Package for working with Nucleotides and Amino Acids on The Julia Language
Pkg.init() # Only the first time you install a Julia's Package
Pkg.add("BioSeq") # Install BioSeq.jl
using BioSeq # Starting to use BioSeq
- 2-bit DNA sequence
DNA2Seq
for saving memory- Faster vectorized test for calculate percentage of GC, and test A C T G on
DNA2Seq
- Faster vectorized test for calculate percentage of GC, and test A C T G on
- 8-bit bitstype
Nucleotide
andAminoAcid
- Vectors of this types can be used as DNA, RNA or Protein Sequences
- Some string's functions working for Sequences:
- Case conversions
- Matching functions (search, replace and others)

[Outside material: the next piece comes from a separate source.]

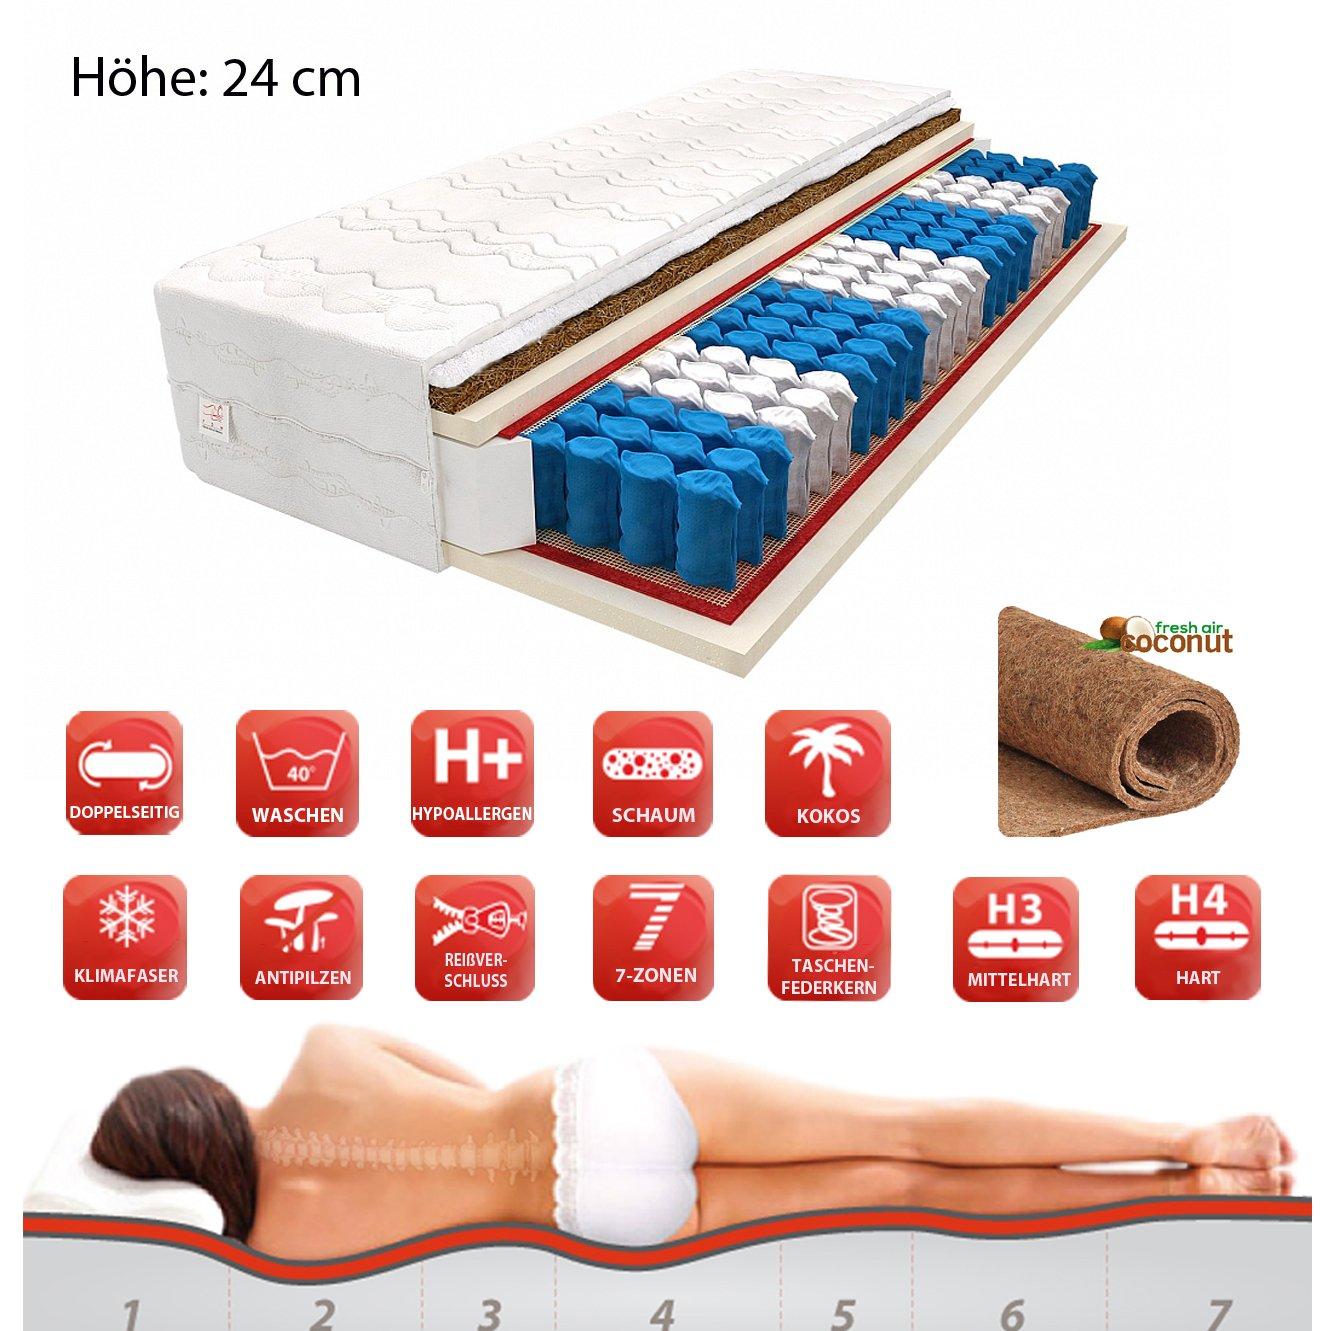 FDM MATRATZE 7 ZONEN 80x200 90x200 100x200 120x200 140x200 Premium TASCHENFEDERKERN KOKOS H3 H4 24 cm (140x200, Weiß)

- IUPAC Regex is available for matching functions
- PROSITE patterns are available for matching functions
- Some string's functions working for Sequences:
- Alignments can be represented as Matrices of this types
- DArray of this types can be used for parallel computation
- Memory-mapped arrays of this types can be used for huge data
- Vectors of this types can be used as DNA, RNA or Protein Sequences
- 8-bit Bit-Level Coding Scheme for Nucleotides
- Translation methods and genetic codes
- Tools for using IntSet/Set/Dict as alphabets
- Common alphabets as IntSet, including extended IUPAC
- Dicts for generate complement for nucleotide sequences or change between 3 letter and 1 letter alphabets on Proteins
- Test for characters on alphabet
- Check for all characters on alphabet
- Swap for alphabet conversions
julia> using BioSeq
julia> const dna4alphabet = alphabet(nt"ACTG", false)
Case Insensitive Alphabet{Nucleotide} of 4 elements:
indice : 256-element Uint8 Array
alphabet : 4-element Nucleotide Array
alphabet indice[alphabet]
Nucleotide (Int64) Uint8 (Int64)
A (65) 0x01 (1)
C (67) 0x02 (2)
T (84) 0x03 (3)
G (71) 0x04 (4)
julia> dnaseq = repeat( nt"GATTACA" , 2 )
14-element Nucleotide Array:
G
A
T
T
A
C
A
G
A
T
T
A
C
A
julia> check(dnaseq, dna4alphabet)
true
julia> protseq = translate(dnaseq,1)
4-element AminoAcid Array:
D
Y
R
L
julia> if ismatch( prosite"<D-x-[RM]" , protseq )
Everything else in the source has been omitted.